Yesterday, I came across an article in this week’s Economist titled Going to Pot (*sigh*). The premise of this article is that “a global revolution in attitudes towards cannabis is under way” and it explains how countries in many parts of the world have begun to undertake cannabis reforms in varying degrees. This includes everything from wholesale federal legalization (i.e. Canada, Uruguay) to emerging medical cannabis programs (e.g. South Korea, Germany, Thailand, Zimbabwe). The article covers what these changes mean in a commercial sense, but also their implications under international law.

The global reconsideration of cannabis is a recent phenomenon, but only relatively. In August of last year, I explained that the United Nations (UN) itself had finally begun to reconsider the status of cannabis under international law, including under the Single Convention on Narcotic Drugs of 1961 and related treaties (“Single Convention”). I also analyzed, this February, the significant and long overdue World Health Organization recommendations related to the treatment of cannabis under international law. What the UN does with those recommendations is still an open question, but in a certain sense it doesn’t matter: countries are moving ahead.

In keeping with these changes, our law firm has begun doing more and more international advising with respect to cannabis in the last few years. Broadly, we divide this work into three classes:

  1. Importers and exporters of hemp (We have clients doing this. There are no real treaty issues; it’s more about domestic law and customs);
  2. Importers and exporters of medical cannabis (We have clients looking at this. Treaty issues are generally navigable, given the Single Convention allowances on “medical and scientific” cannabis);
  3. Fully legalized jurisdictions, à la Canada (We represent one sovereign looking at this. It is “illegal” and really interesting).

So what happens under international law when a country legalizes cannabis outright? As a practical matter, not much. Public international law is decentralized, unenforceable, unpoliced and frequently broken. States are “immortal” and cannot be sued. This means that neither Canada nor Uruguay will be hauled before a court or tribunal for admitted violations of the Single Convention. The same will be true of Mexico when it legalizes cannabis later this year. Same for Luxembourg. And Switzerland. Etc. At most, these states will be subject to diplomatic moralizing and criticism, mostly out of sight.

That isn’t to say that states do not have options with respect to the Single Convention and cannabis. Below are three that are commonly discussed.

Withdraw from the Treaties

Under international law, a state may withdraw from a treaty in conformance with the provisions of the treaty itself (if the agreement permits withdrawal) or with the consent of all parties. The Single Convention permits withdrawal, at Article 46. And there is precedent for withdrawal: Bolivia withdrew from the Single Convention in 2012 when it wanted to legalize the chewing of coca leaves. It then rejoined with a “reservation” as to coca leaves in 2013.

In the context of cannabis, Canada seems to have discussed the withdrawal option in detail. Ultimately, it appears that Canada will not withdraw, on the reasoning that its contravention of the treaty is principled, and that withdrawal would be an excessive response given the all the other drugs included in the Single Convention. That may seem unconvincing, but options here are few.

Inter se Agreement

Canada and other scofflaws could also form an “inter se” (between themselves) agreement, allowing those states to modify existing drug treaty obligations with respect to cannabis.

The inter se option is wonky territory, even for international law.
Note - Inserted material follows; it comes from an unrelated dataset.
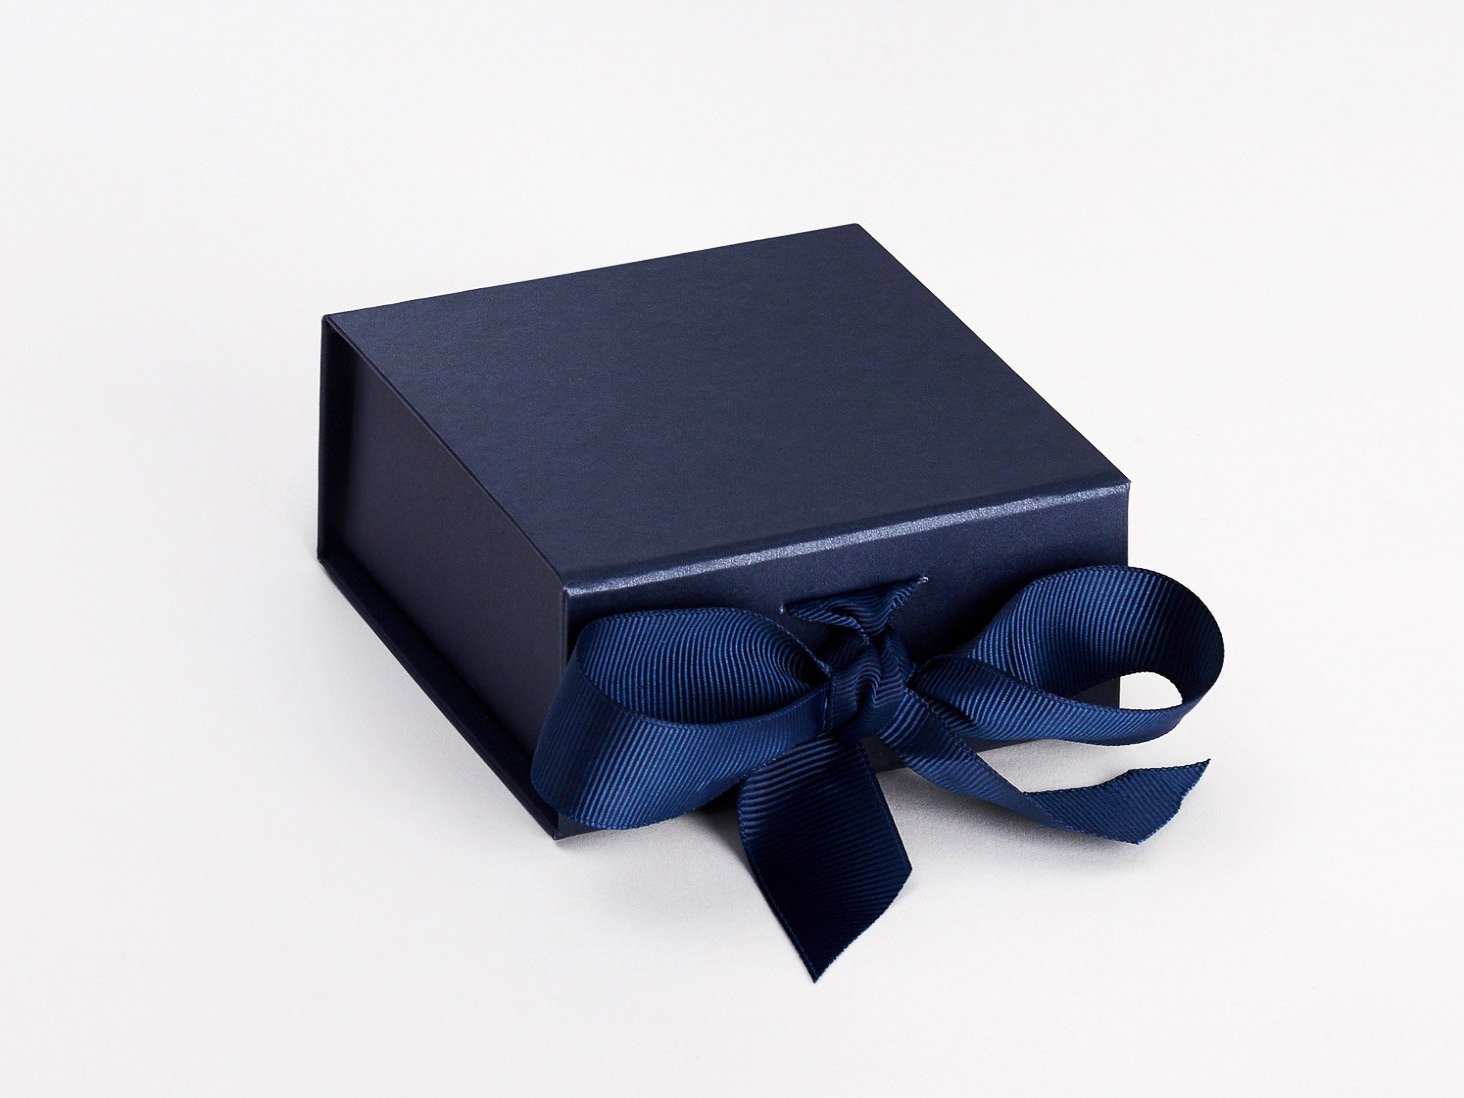 Small Navy Blue Gift Box Ideal for Jewelry Packaging from Foldabox USA

Based in Article 41 of the 1969 Vienna Convention on the Law of Treaties, it was designed to allow changes without consensus while supporting stable treaty regimes. This option would require that the inter se agreement include a clear commitment to the Single Convention’s original aim; that is, to promote the health and welfare of humankind (as to cannabis, here) and to maintain the original treaty obligations vis-à-vis countries left behind. That doesn’t seem terribly challenging.
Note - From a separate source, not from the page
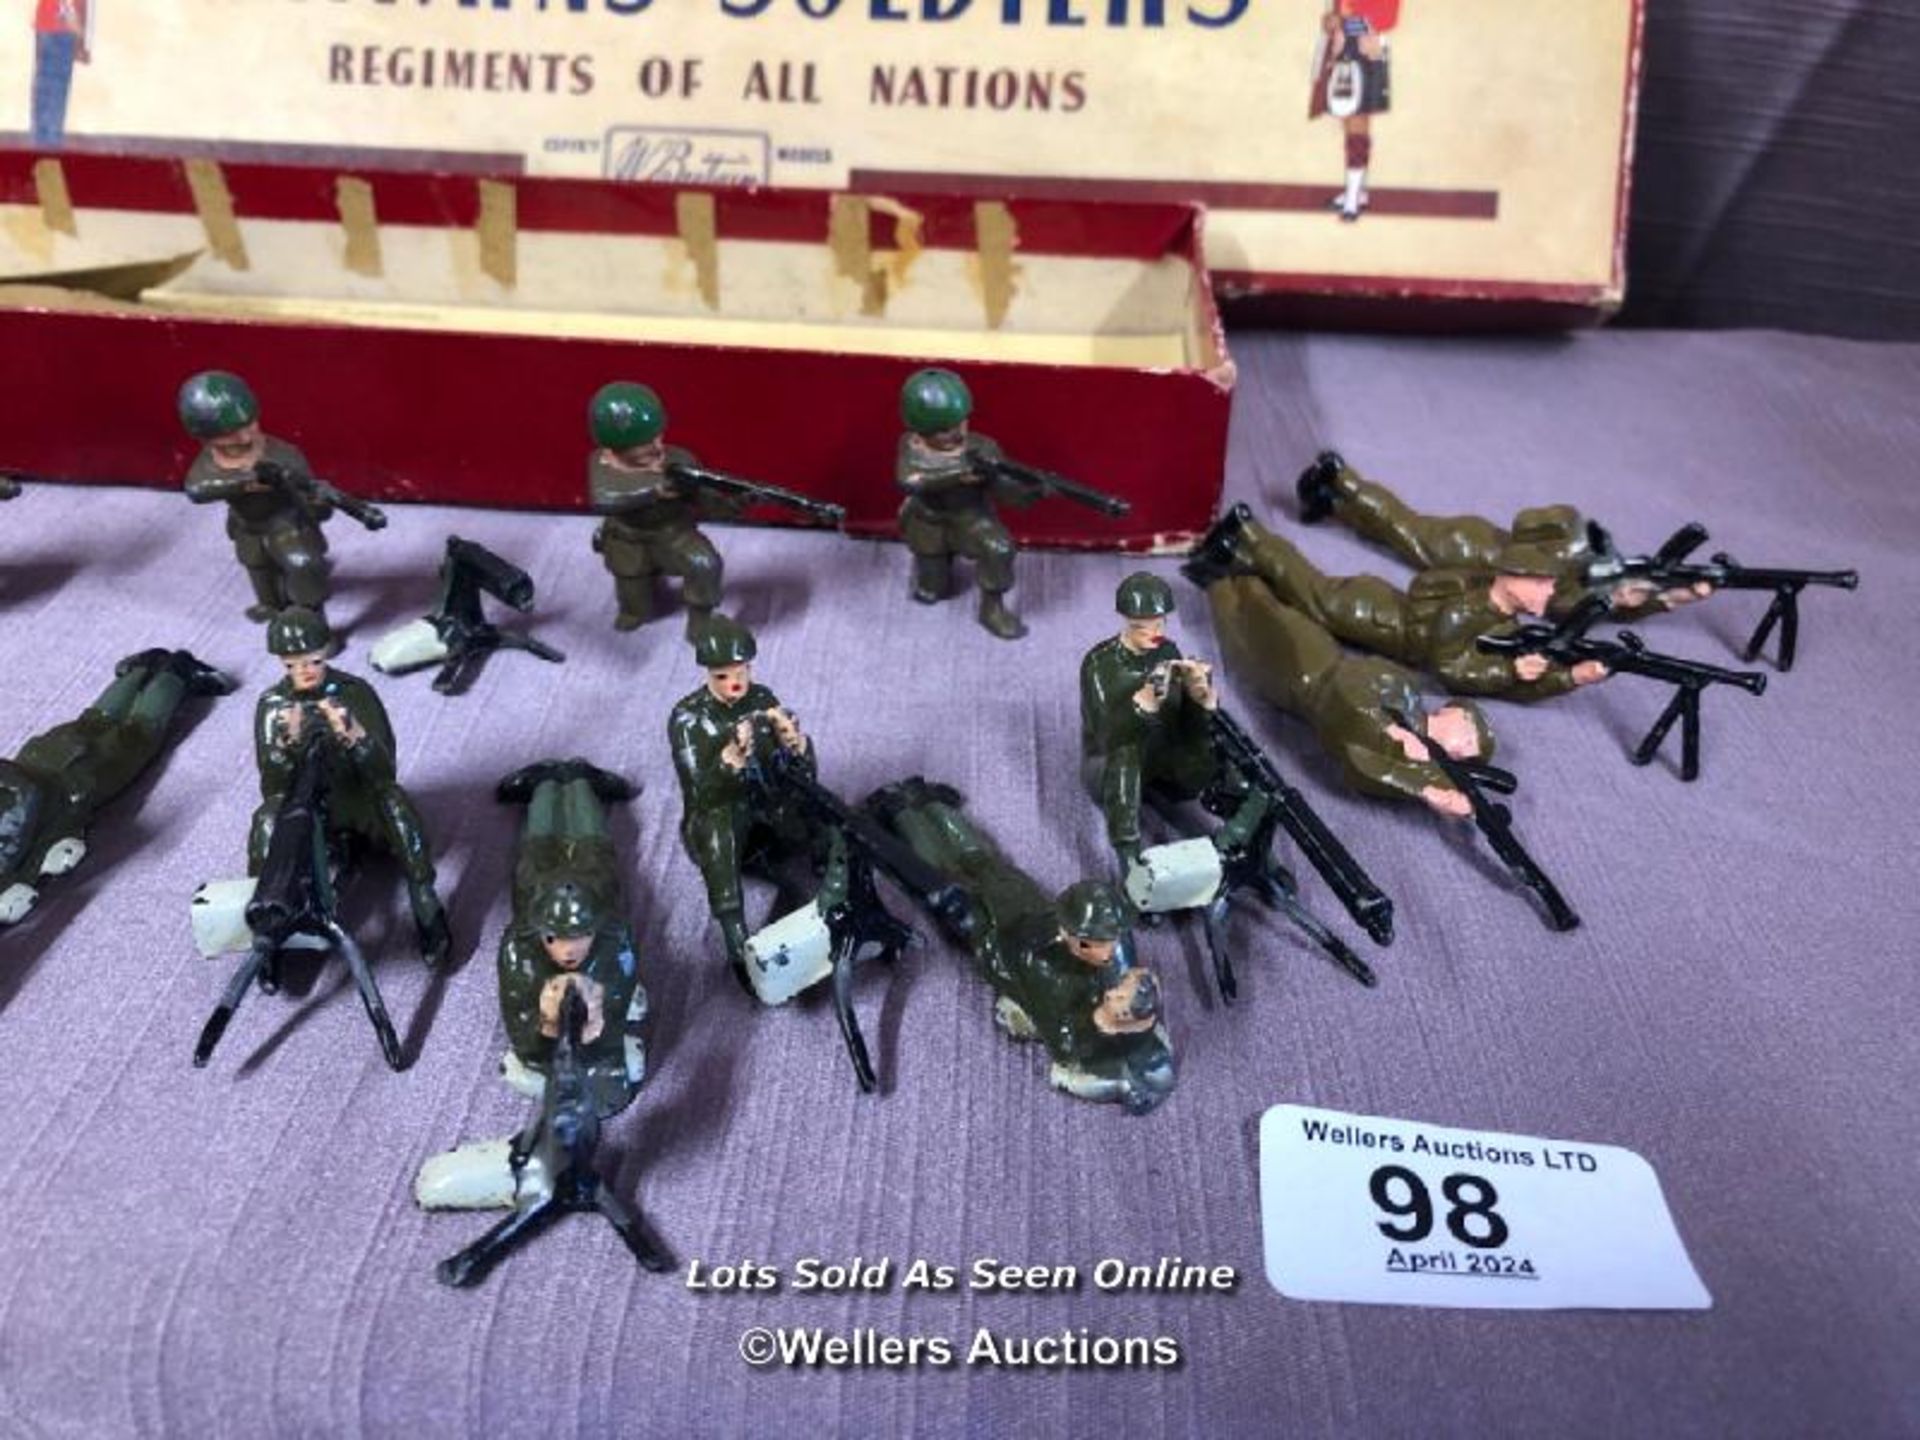 BRITAINS SOLDIERS REGIMENTS OF ALL NATIONS, WITH A NON MATCHING BOX NO. 2063 THE ARGYLL AND - Image 3 of 6

So, will an inter se agreement happen anytime soon in the context of cannabis? Probably not, for the simple reason that not enough countries have legalized cannabis outright to create a real cabal. Check back in ten years.

Violate International Law

This is what countries have begun to do, and will continue to do, to the point where the Single Convention is broadly undermined. The scenario is roughly analogous to what U.S. states have done to the domestic Controlled Substances Act as to “marijuana.” It will be an even slower process, however, given the prohibitionist posture of heavies like China and Russia on cannabis, and the glacial development of international law generally. It will take decades and decades, in fact.

The Economist is correct that a global revolution in attitudes towards cannabis is under way. The revolution of laws, however, will be slower. As the poet once said, “to live outside the law you must be honest.”

Canada, Uruguay and every other country making a move on cannabis knows exactly how that feels.